I don't think that can be it, because the stack traces show that crc_t10dif_mod_init() is blocked on crypto_register_notifier(). So it never got to crypto_alloc_shash().
I'm more inclined to blame the fact that cryptomgr_schedule_probe() waits for the requested module to be loaded, while it holds crypto_chain.rwsem for read via blocking_notifier_call_chain().
That will deadlock if loading the requested module needs to wait for crc-t10dif.ko to also be loaded, for any reason. I don't immediately see why that would happen, as crc-t10dif.ko is a library module, not a crypto API module. Maybe userspace is serializing the module loading? It would be helpful to have a way to reproduce this.

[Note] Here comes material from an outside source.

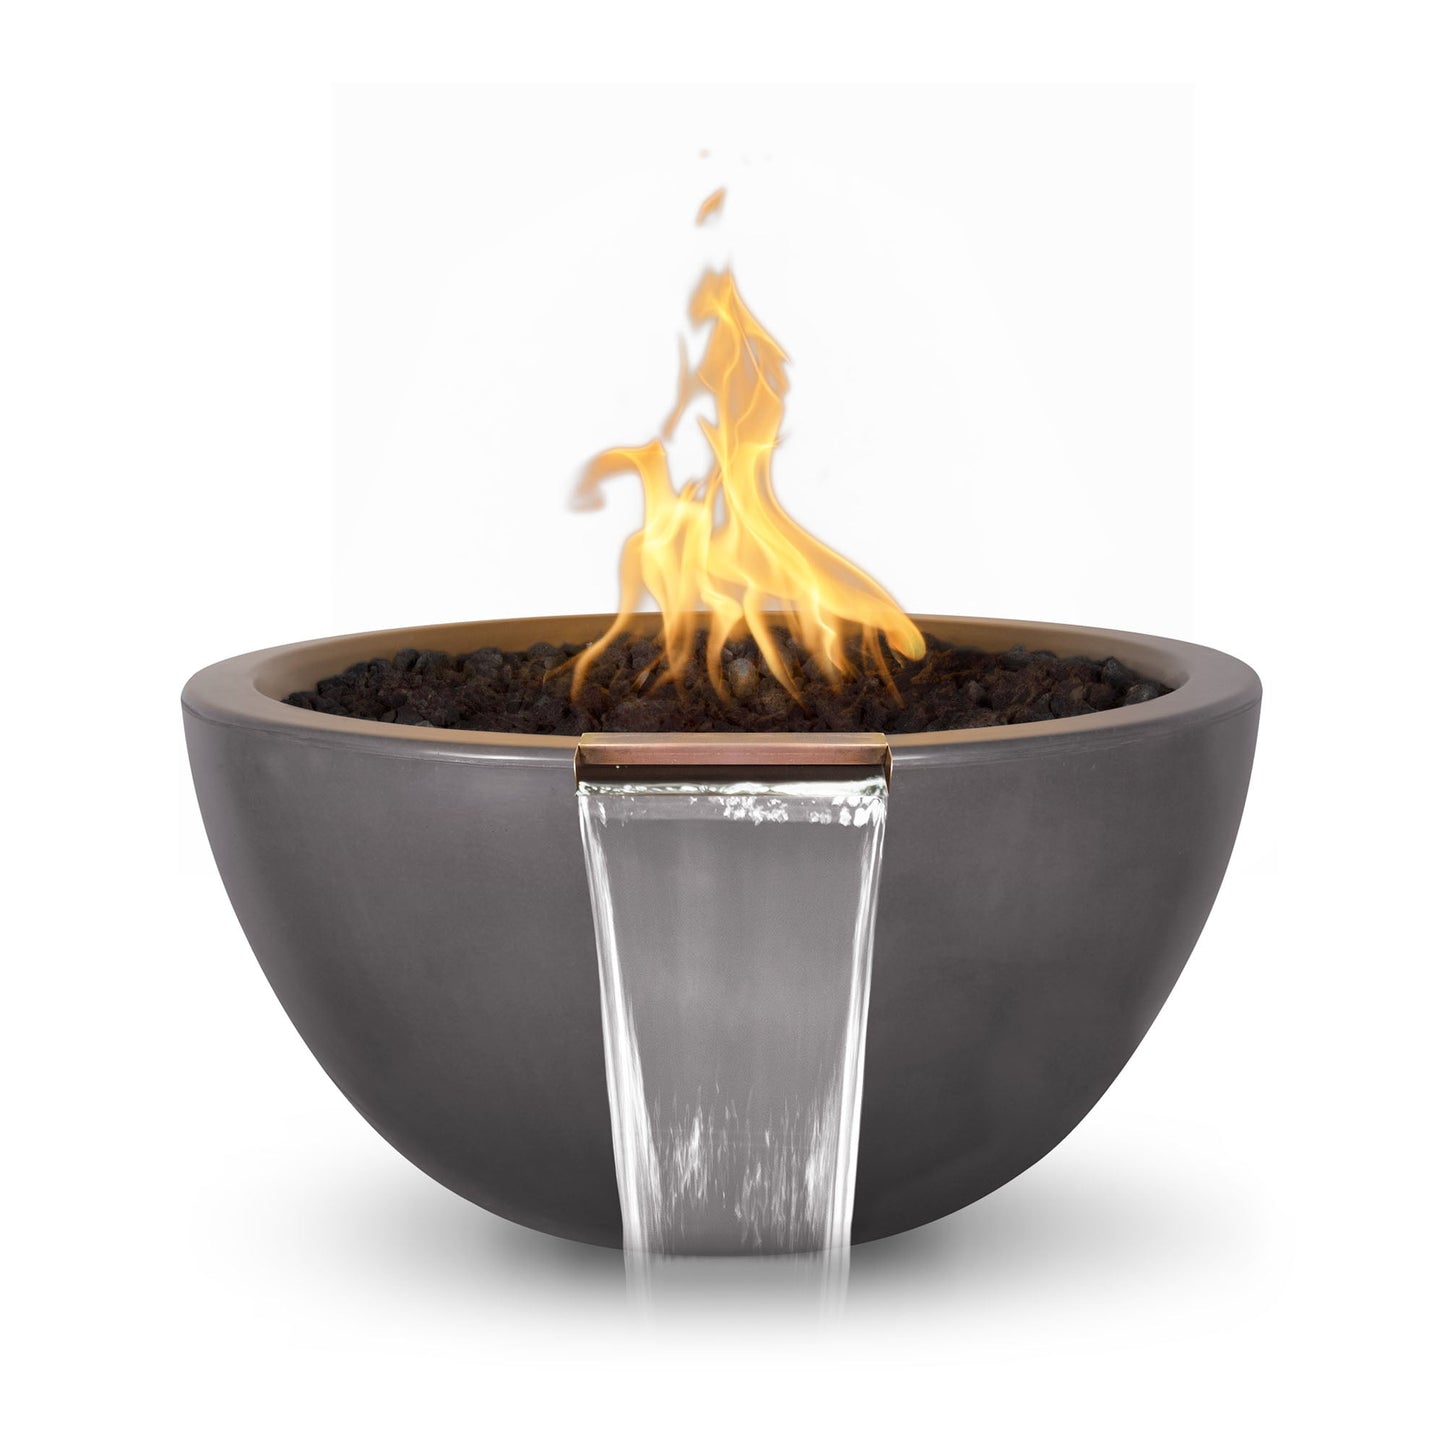 The Outdoor Plus Round Luna 30" Metallic Bronze GFRC Concrete Liquid Propane Fire & Water Bowl with Match Lit with Flame Sense Ignition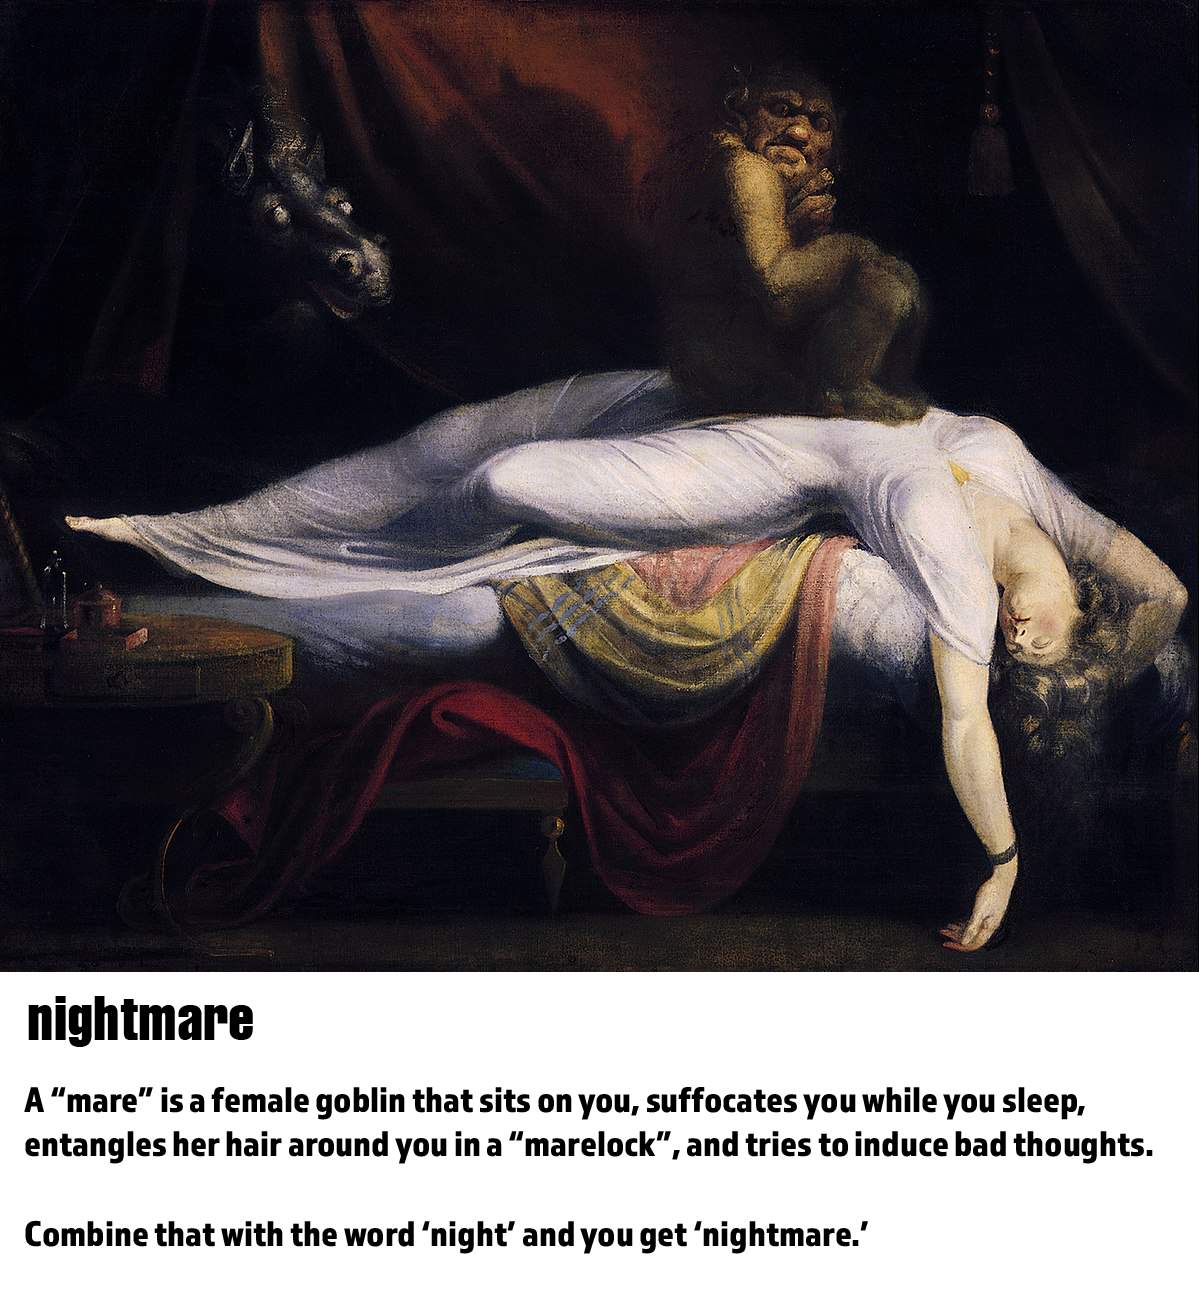 fun word origins history facts - nightmare - a mare is a female goblin that sits on your chest

Also, I'm guessing that crc-t10dif.ko is being inserted as a dependency of the SCSI disk module sd.ko, so blacklisting it wouldn't work.
Can you try this patch?
diff --git a/crypto/algboss.c b/crypto/algboss.c
index 535f1f87e6c1..5ebccbd6b74e 100644
--- a/crypto/algboss.c
+++ b/crypto/algboss.c
@@ -178,8 +178,6 @@ static int cryptomgr_schedule_probe(struct crypto_larval *larval)
if (IS_ERR(thread))
goto err_put_larval;
- wait_for_completion_interruptible(&larval->completion);
-
return NOTIFY_STOP;
Applying that patch seems to fix the lockup for me. I can look to try and find a minimal repro. I have other configurations that run in GCE that don't hit this lockup, so something unique about the order modules are loaded or userspace comes up sounds like a plausible trigger. OK, after some more experimentation I think the trigger here was Debian moving some of the CRYPTO_* libs into modules. Moving them back into the kernel image seems to make the problem go away. Which I guess still means there might be a bug here, but unfortunately I can't bound it within v5.5..v5.6 because the trigger wasn't a commit but a config change. I'll add another comment once I figure out what the actual config changes are. Thanks Eric. Your patch looks correct, I have no idea why I put that wait in there at all :) The actual larval users would be waiting after the notify returns anyway. Please send it to the list when you're ready. Ah, I assumed the patch was just for debugging purposes, if that's the actual fix that's fantastic. Thanks a lot! |